There were no agreements at all between Mr Bony and the Second and Fourth Defendants.

FIFA Rules Section K do make provision for arbitration as a dispute resolution mechanism, stating:

any dispute or difference between any two or more Participants (which shall include, for the purposes of this section of the Rules, The Association) including but not limited to a dispute arising out of or in connection with (including any question regarding the existence or validity of): the Rules and regulations of the Association which are in force from time to time; (i) the rules and regulations of an Affiliated Association or Competition which are in force from time to time; (ii) the statutes and regulations of FIFA and UEFA which are in force from time to time; (iii) the Laws of the Game, shall be referred to and finally resolved by arbitration under these Rules.”

At first instance,  the Defendants relied on this provision and argued that the matters should be stayed in court in favour of arbitration pursuant to s9 Arbitration Act 1996. The Defendants failed both at first instance and on appeal.

Decision of the High Court

His Honour Judge Pelling QC, sitting a High Court Judge (Chancery Division), rejected the appeal. For an arbitration clause to be relied upon for the purposes of a stay of court proceedings under s9 Arbitration Act, it must come within s5 Arbitration Act. S5 Arbitration Act states:

Agreements to be in writing.
(1) The provisions of this Part apply only where the arbitration agreement is in writing, and any other agreement between the parties as to any matter is effective for the purposes of this Part only if in writing.
The expressions “agreement”, “agree” and “agreed” shall be construed accordingly.
(2) There is an agreement in writing—
(a)if the agreement is made in writing (whether or not it is signed by the parties),
(b)if the agreement is made by exchange of communications in writing, or
(c)if the agreement is evidenced in writing.
(3) Where parties agree otherwise than in writing by reference to terms which are in writing, they make an agreement in writing.
(4) An agreement is evidenced in writing if an agreement made otherwise than in writing is recorded by one of the parties, or by a third party, with the authority of the parties to the agreement.
(5) An exchange of written submissions in arbitral or legal proceedings in which the existence of an agreement otherwise than in writing is alleged by one party against another party and not denied by the other party in his response constitutes as between those parties an agreement in writing to the effect alleged.
(6) References in this Part to anything being written or in writing include its being recorded by any means.”

The arbitration clause must also satisfy the definitional requirements of s6 Arbitration Act 1996. A non-written agreement that incorporates by reference written terms that consist of or include an arbitration clause may constitute an arbitration agreement in writing.
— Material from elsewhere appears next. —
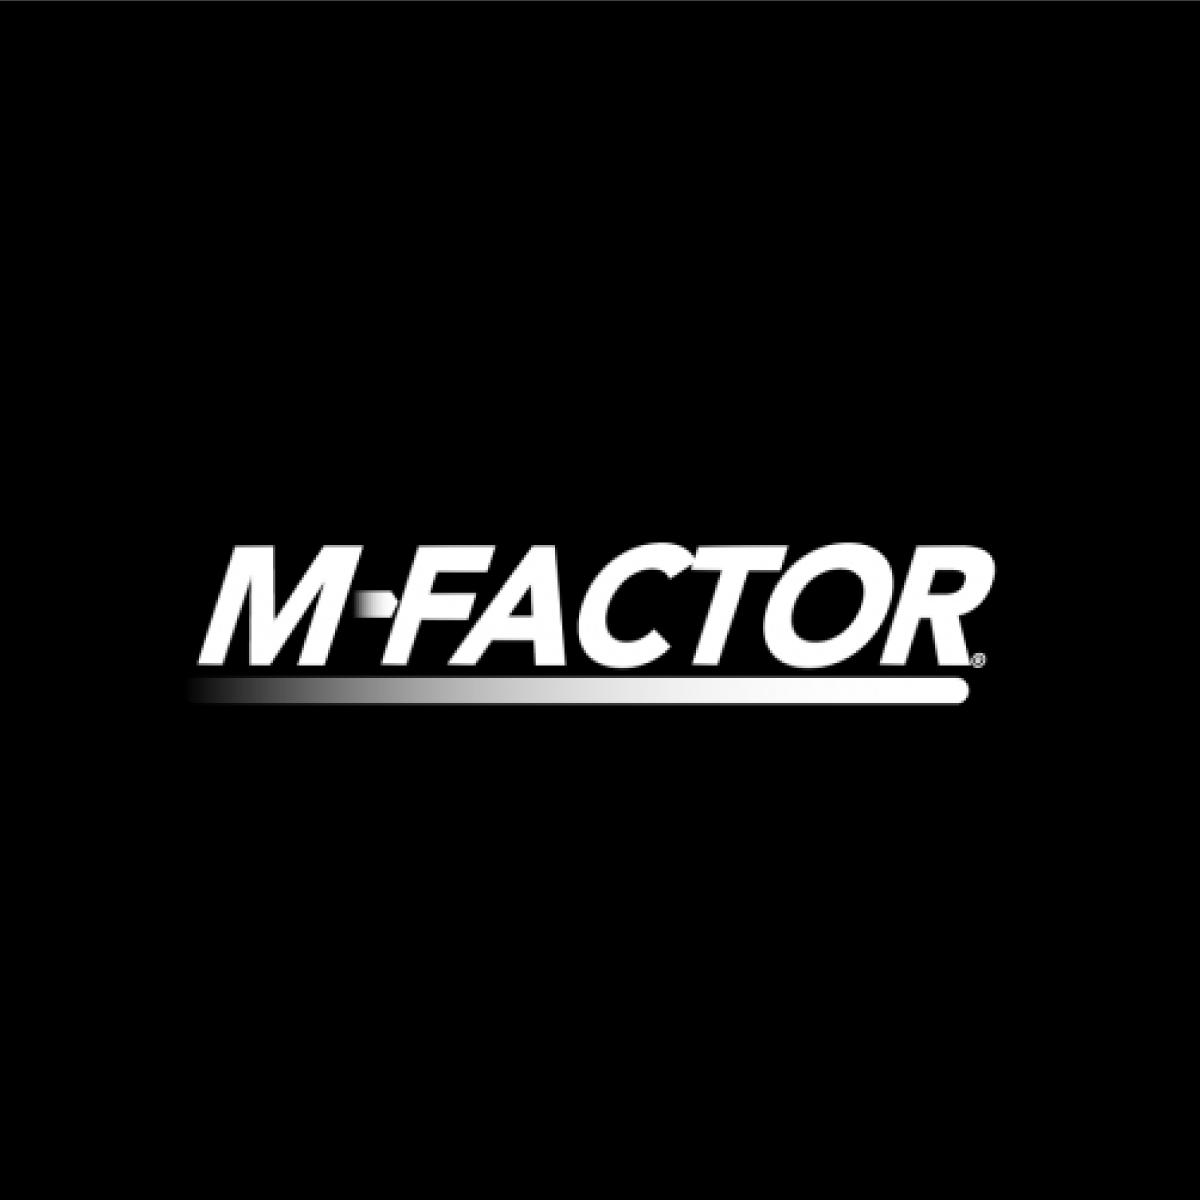 MFACTOR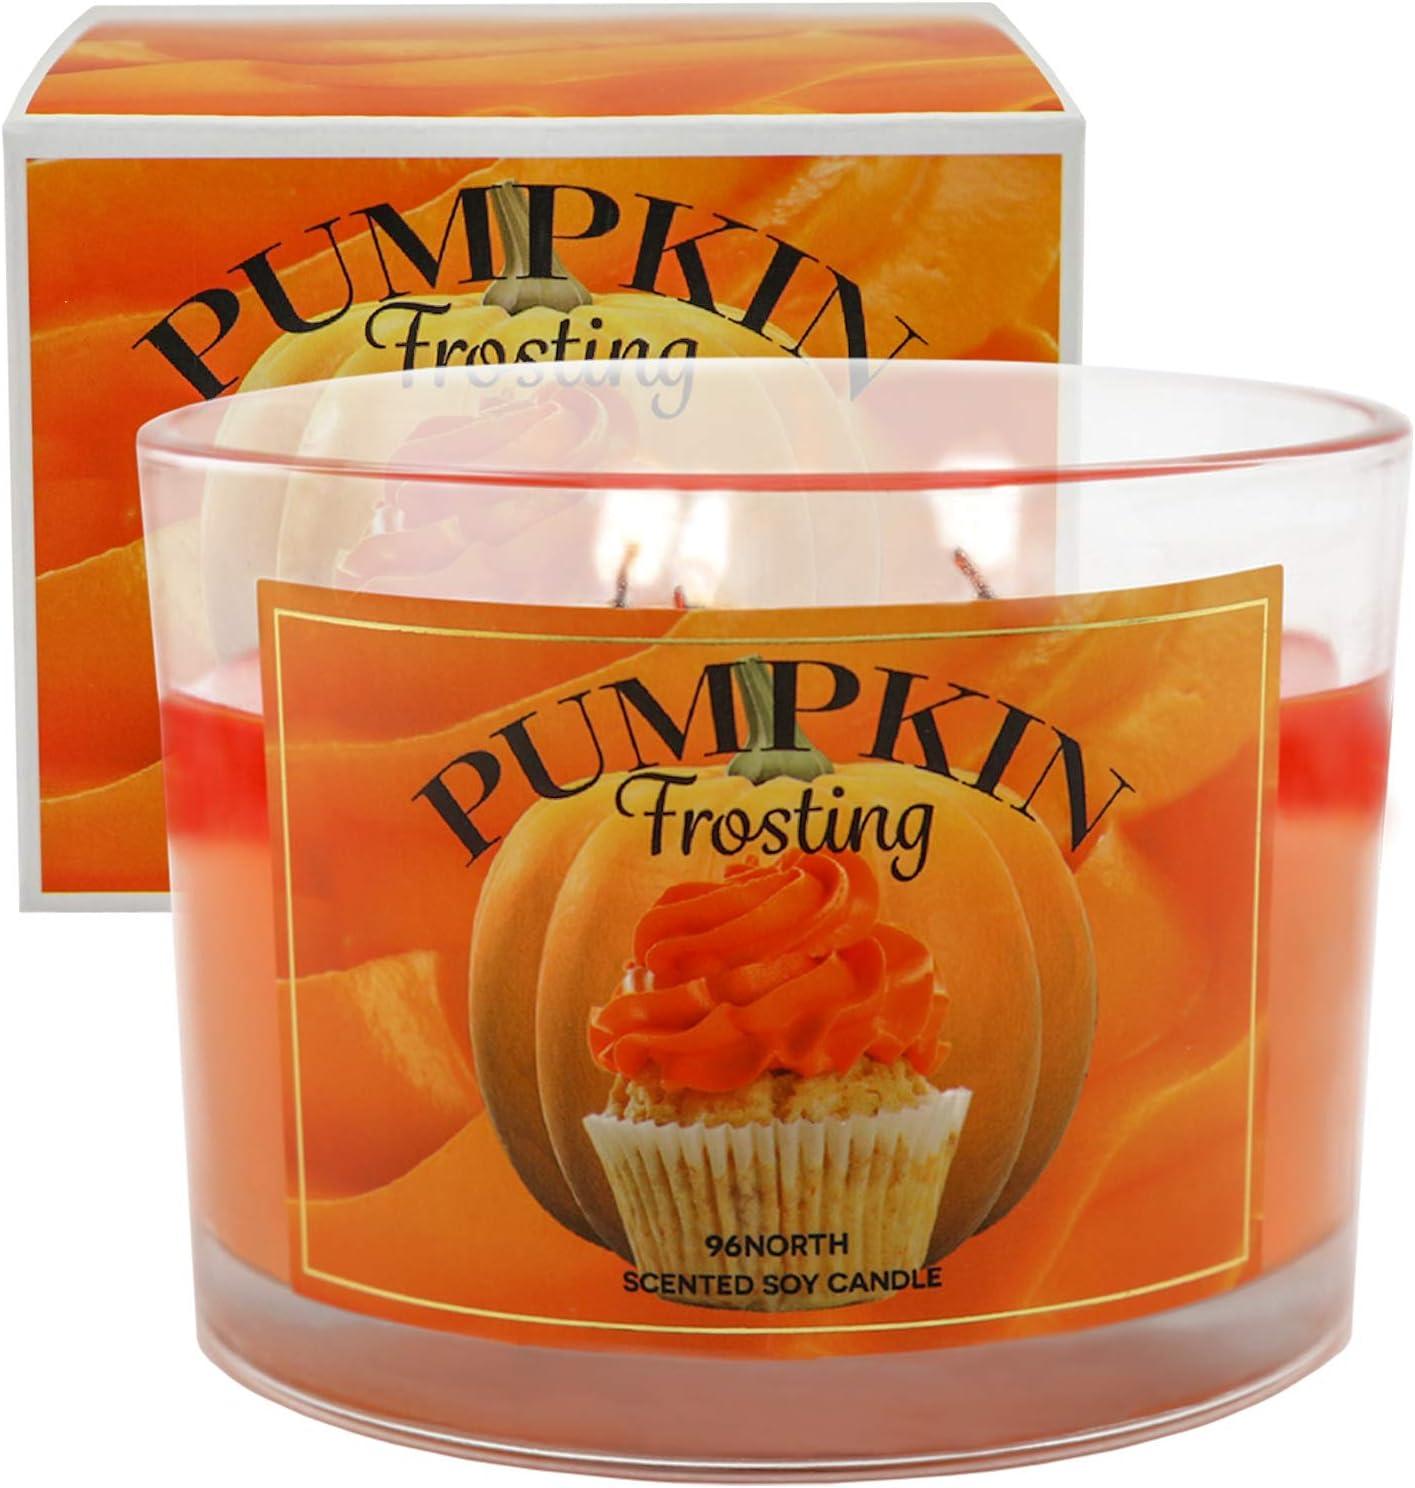 96NORTH Soy 3-Wick Pumpkin Candles, Pumpkin Spice Candles, Fall Candles // Pumpkin Spice Candles for Home, Pumpkin Scented Candles, Pumpkin Soy Candle, Fall Scented Candle, Candles for Home Scented

Further, the Judge considered that an implied agreement could fall within s5(3) Arbitration Act as an agreement otherwise than in writing. Nevertheless, the Judge stated that

“it remains the case that a party asserting that such an agreement incorporated an arbitration agreement must establish that the implied agreement was by reference to terms which are in writing and which included the arbitration clause relied on.”

The Defendants’ case depended on the incorporation by reference of at least part of Rule K of the FIFA Rules. However, there were express agreements between Mr Bony and the First and Third Defendants. These agreements did not contain arbitration clauses, except for the limited agreement with the Third Defendant. The arbitration clause contained in that agreement was inconsistent with FIFA Arbitration. There was no basis on which other terms could be implied.

Mr Bony did not enter into any contract at all with the Second and Fourth Defendants, and no contract could be implied.

It was therefore impossible for Rule K of the FIFA Rules to be incorporated by reference. There was no basis for a stay of the court proceedings under s9 Arbitration Act.